Los consejos financieros de los grandes de la literatura

Se podría pensar que la literatura y las finanzas no tienen nada en común y que los números y las novelas atraviesan caminos distintos. Pero algunos libros lo podrían sorprender.

A través de las obras escritas hace varios siglos, los autores han podido inmortalizar el estilo de vida, la situación del mundo, los comportamientos y razonamientos que tenía la sociedad en determinado período. Pero algo que también puede incluirse es la visión de las finanzas y la economía de la época que inspiró a estos escritores.

Uno de ellos es Tolstoi. En su novela Ana Karenina, según explica una nota del portal web en español de The Wall Street Journal, tiene un trozo del libro dedicado a la negociación para la compra de algún artículo. En un momento, Tolstoi escribe que Oblonsky, un noble de Moscú, visita la finca Levin, quien anuncia que acaba de vender un terreno y a la vez pregunta si consiguió un buen precio. Levin le pregunta si contó los árboles, a lo que su amigo le dice que no.

En ese momento, Levin le asegura que su comprador sí lo hizo, es decir, sólo un tonto compra o vende algo sin conocer su verdadero valor. Si se pone a pensar, tal vez han sido varias las veces en que se ha sentado a negociar un auto o un departamento, sin conocer su valor real.

Charles Dickens dedicó sus páginas a contar las dificultades por las que pasó la clase baja en la Londres del siglo XIX. Uno de los más conocidos es Cuento de Navidad, en donde queda al descubierto la tacañería del señor Scrooge. Los psicólogos financieros Ted y Brad Klontz afirman que los tres fantasmas que se le aparecen son tres terapeutas, quienes le ayudan a ver sus errores y a cambiar su manera de usar (o no usar) el dinero para no sufrir en el futuro.
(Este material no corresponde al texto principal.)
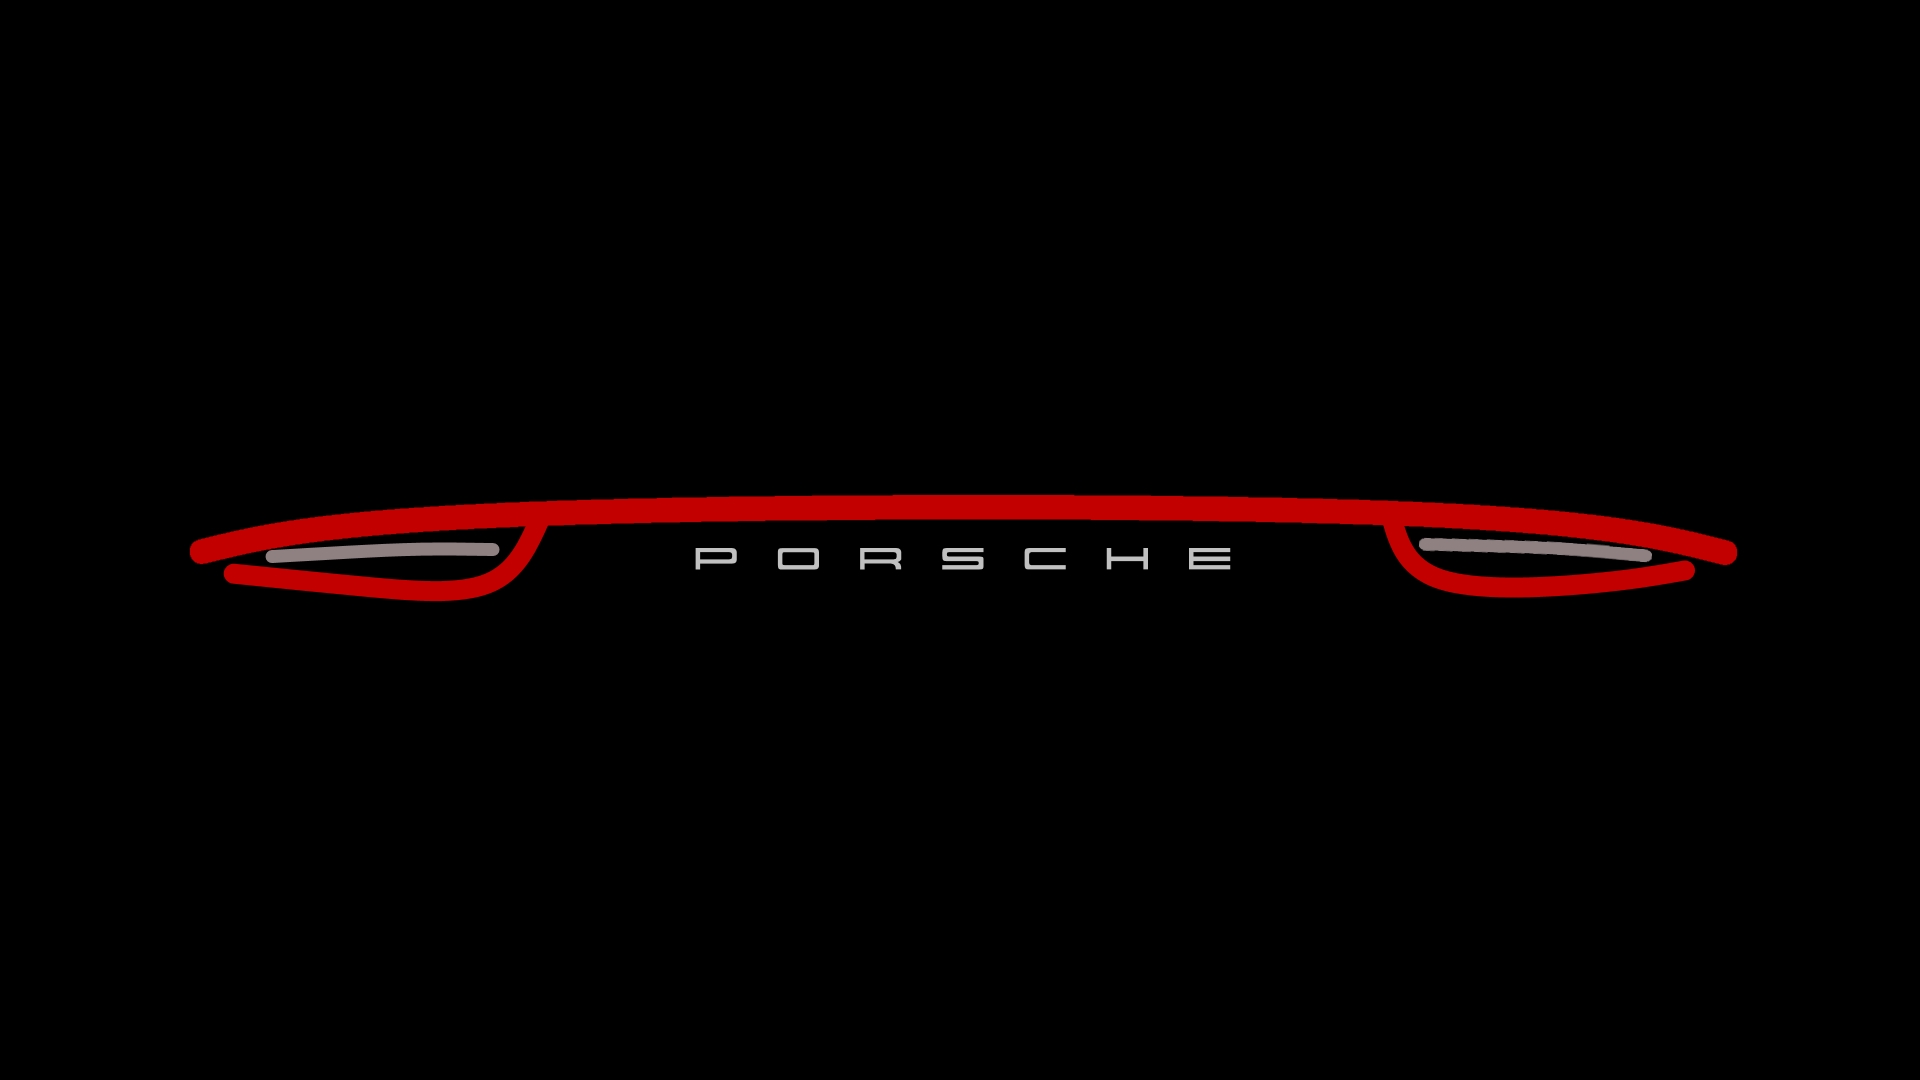 Porsche Taillights Wallpaper By Cornelisj12
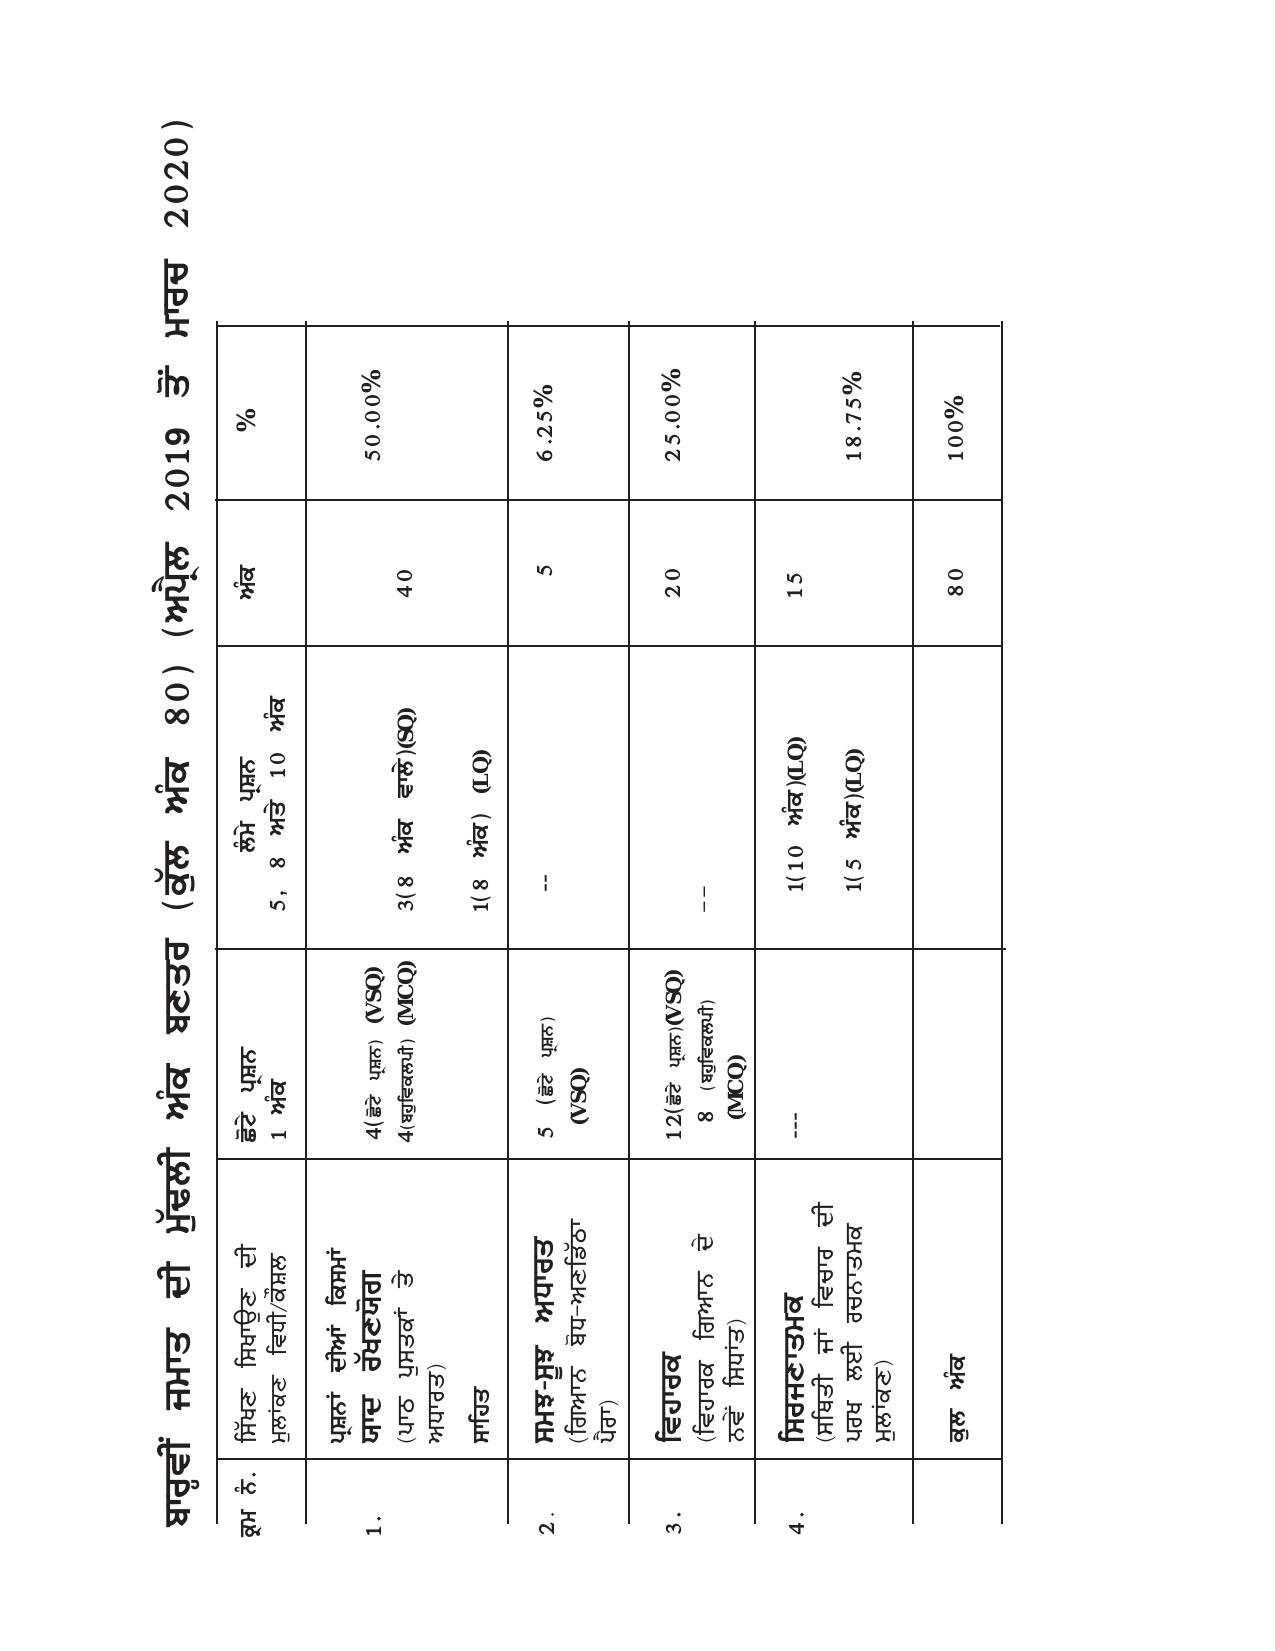 CBSE Class 12 Punjabi -Sample Paper 2019-20 - Page 5

Daniel Defoe escribió la novela Robinson Crusoe, la cual ofrece una interesante visión sobre el dinero. Hay un momento del libro en el que el protagonista se ve en una isla aparentemente desierta, luego de que su barco naufragara y comienza a buscar entre los restos cualquier cosa que le sea útil. En su búsqueda, encuentra un cajón lleno de monedas de oro, para darse cuenta de que no le sirven para nada (pero al mismo tiempo se queda con ellas). A veces, las personas no se dan cuenta de que el dinero, en última medida, es un medio para un fin y el acumularla solo por tener más a veces hace que las personas pierdan interés por las cosas realmente valiosas.

En el libro de Gustave Flaubert, Emma Bovary se encuentra con un comerciante, que comienza a ofrecerle objetos de primera calidad a tasas de interés altas. Ella, al principio, le dice que no necesita nada, pero a medida que el comerciante le sigue mostrando artículos, Madame Bovary se rinde y comienza a comprar, para luego quedar endeudada. ¿Le suena familiar?

Así, entre las líneas de grandes libros, se pueden encontrar también lecciones que puede poner en práctica.